Let’s explore what shame is and how it can impact our lives.
According to John Bradshaw, in his book Healing the Shame that Binds You, he writes, “Shame looks to the outside for happiness and validation because the inside is flawed and defective.”
Shame often forms our personal identity, or what we call a “false self.”
Where does shame come from?
Typically, shame originates from negative experiences during our formative years.
Here are some familiar sources of shame that come from negative experiences:
1. Emotional trauma (death of a loved one, divorce, witnessing an act of violence, emotional abuse, personal failures)
2. Physical trauma (being in a car accident, experiencing physical abuse, military action, war, or other physical accidents)
3. Personal neglect (a child with needs not met, being left alone at a young age, living in a poor or financially distressed family, ignored by a babysitter, uncared for properly by an absent parent possibly caused by poor behavior of the parent, such as due to alcoholism)
4. Verbal abuse (verbally abusive parents toward the child or even one another, witnessing verbal abuse from a critical role model such as siblings or parents)

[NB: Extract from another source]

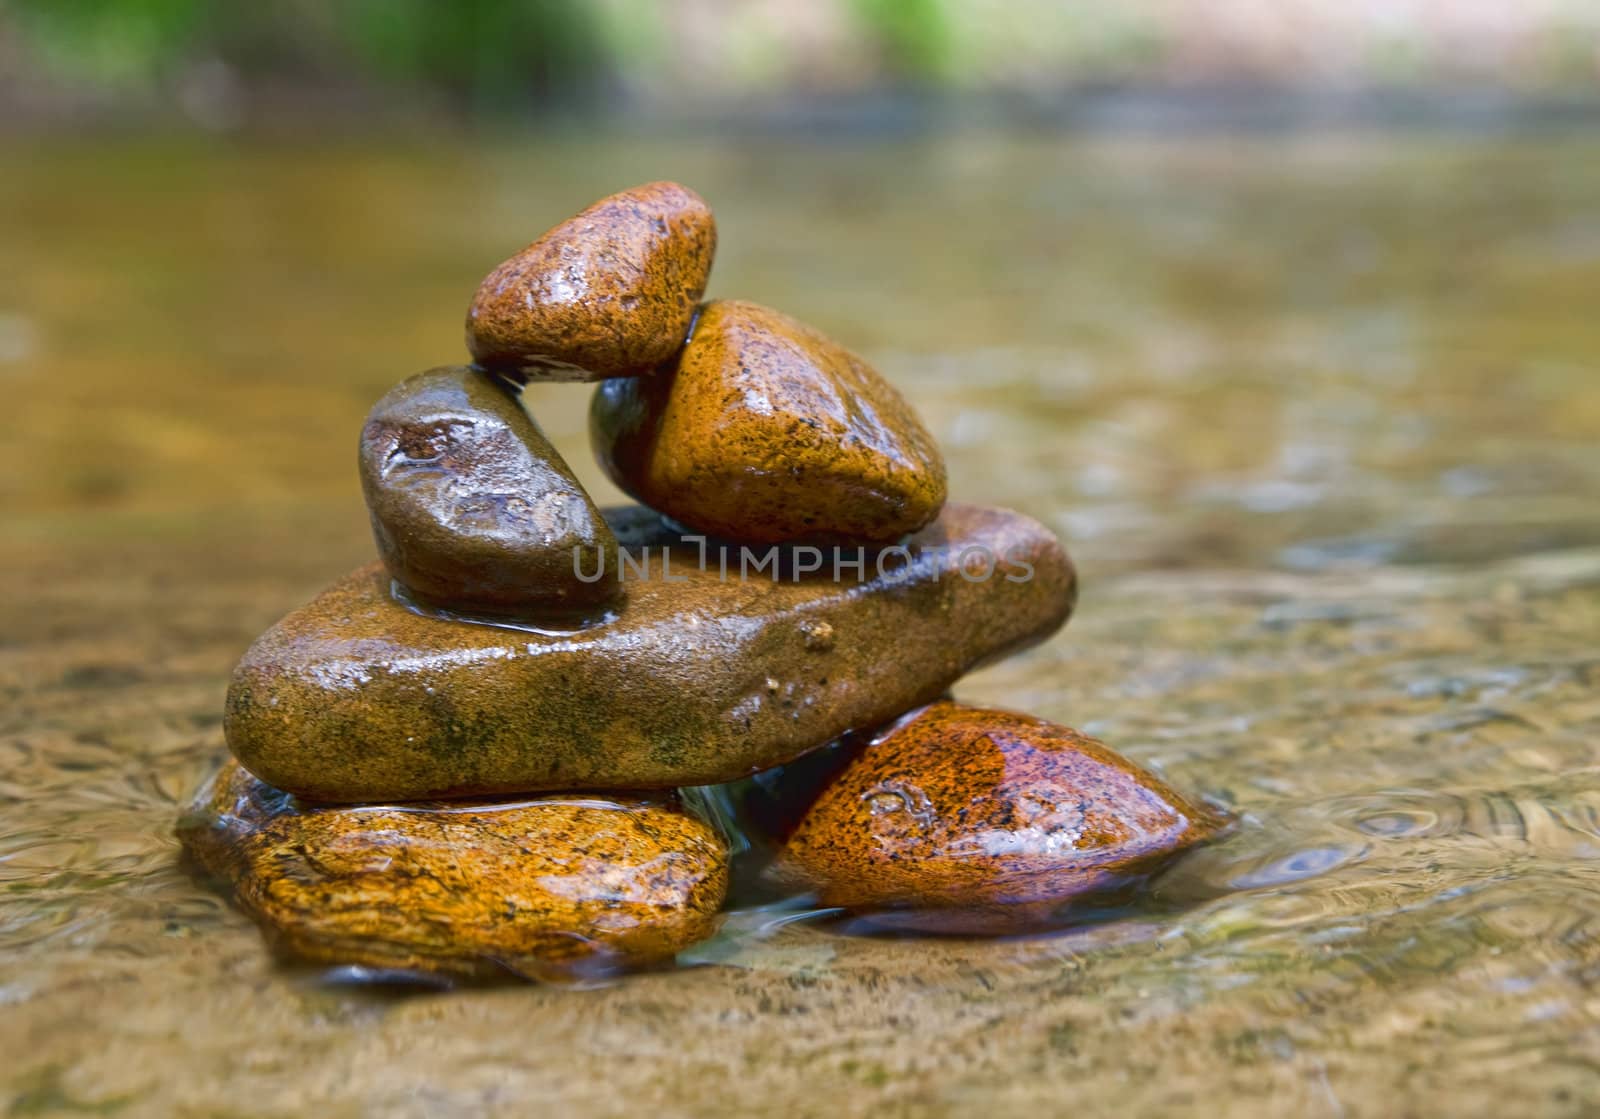 great image of a stack of rocks in a stream

5. Spiritual abuse (discipline with guilt of God, using God to manipulate behaviors, a pastor or church member in authority abusing a child)
6. Abandonment (divorce, a parent leaving, death of a loved one, older sibling moving away or going to college, a parent taking a work shift in the evenings, a parent working two or more jobs that are keeping them away from home.)
The following events may seem less significant and would be less likely to be the cause of trauma, but they can be substantial to a young person who doesn’t understand otherwise. With young children, the universe revolves around them, and everything that happens can be perceived personally. They do not see the “big picture.”
- Being left behind at home when others go to have fun
- Witnessing a sibling being abused
- Being ignored while a parent is doing something else (like watching TV or on the cell phone)
Here are some common quotes we have all heard and the resulting shame that can be initiated.
Statement: Children are to be seen and not heard.
Unintended message: Be quiet, don’t bother me. What you say doesn’t matter. You are unimportant.
Statement: Big boys don’t cry.
Unintended message: Be tough, be strong, don’t be an emotional wimp. Your feelings are not important or welcome here. You are weak and don’t measure up if you cry.
Statement: Don’t do that; you are going to get hurt.
Unintended message: Be careful, don’t take risks. You are not competent to do it. You are not capable.
Statement: Do it right the first time, or don’t bother trying.
Unintended message: Be perfect, don’t just try. If you fail, you don’t measure up, and you’re worthless. You are insignificant.
Most of these statements result in implying that you should stuff your emotions and that you should not express your thoughts or feelings.
When shame is present, we often seek external stimuli to cope with negative feelings or self-image. Pornography serves as an everyday escape, providing a false sense of intimacy. Other behaviors, such as substance abuse, will numb the pain of the shame while activities like compulsive shopping will attempt to fill the void and distract from the lack of a positive self-image. Even the relentless pursuit of success can act as a means to externally heal the negative self-image of shame within oneself.
“In the absence of a truth, the counterfeit will do.”
From a spiritual standpoint, it is crucial to recognize that Satan deceives us by presenting worldly things as counterfeits in an attempt to keep us away from our shame. Although it may appear on the surface that he is doing us a favor (which is his ultimate aim), in reality, we become bound by his lies, preventing us from healing the root causes of our shame and limiting us from living as Christ intended.
Understanding the roots and sources of shame is vital to address and overcome its impact on our lives.
Many individuals experience feelings of isolation and misunderstanding, which align with Satan’s objective of keeping us separated. This is where his influence lies. However, it is essential to recognize that most of us encounter similar root perceptions of shame. We refer to this as the Shame Inventory.
Look at this list, and see if you identify, even mildly, with 1, 2, or many of them.
I am a loser.
I am not a good person.
I am not lovable.
I am undesirable.
I am evil.
I am a pervert.
I am pathetic.
I am stupid.
I am a bad person.
I am worthless.
I am a monster.
I am repulsive.
I am shameful.
I am a terrible person.
I am despicable.
I am ugly.
I can’t change.
I am a failure.
I am incompetent.
I am insignificant.
I don’t deserve love.
I am damaged goods.
I have to be perfect to deserve love.
I am wicked.
No one could ever understand me.
The average person can typically relate to 7-10 of these statements, which often fuel our behaviors when feelings of shame arise. Consequently, these statements shape our identity.
No matter what you have done or been told in your life, it’s important to remember that these statements are not a reflection of your true identity. While your behavior may exhibit the characteristics mentioned, at the core, this is not who you indeed are. These statements should not define you. This realization is excellent news for you. Any statements you have identified as circled or written in are behavioral defects that can be changed and healed.
Another perspective on these perceived imperfections is known as the “false self.” The false self is a self-image that one develops throughout life, which does not align with the true identity created by God. The shame statements you have identified in the previous exercise are one way of defining your false self.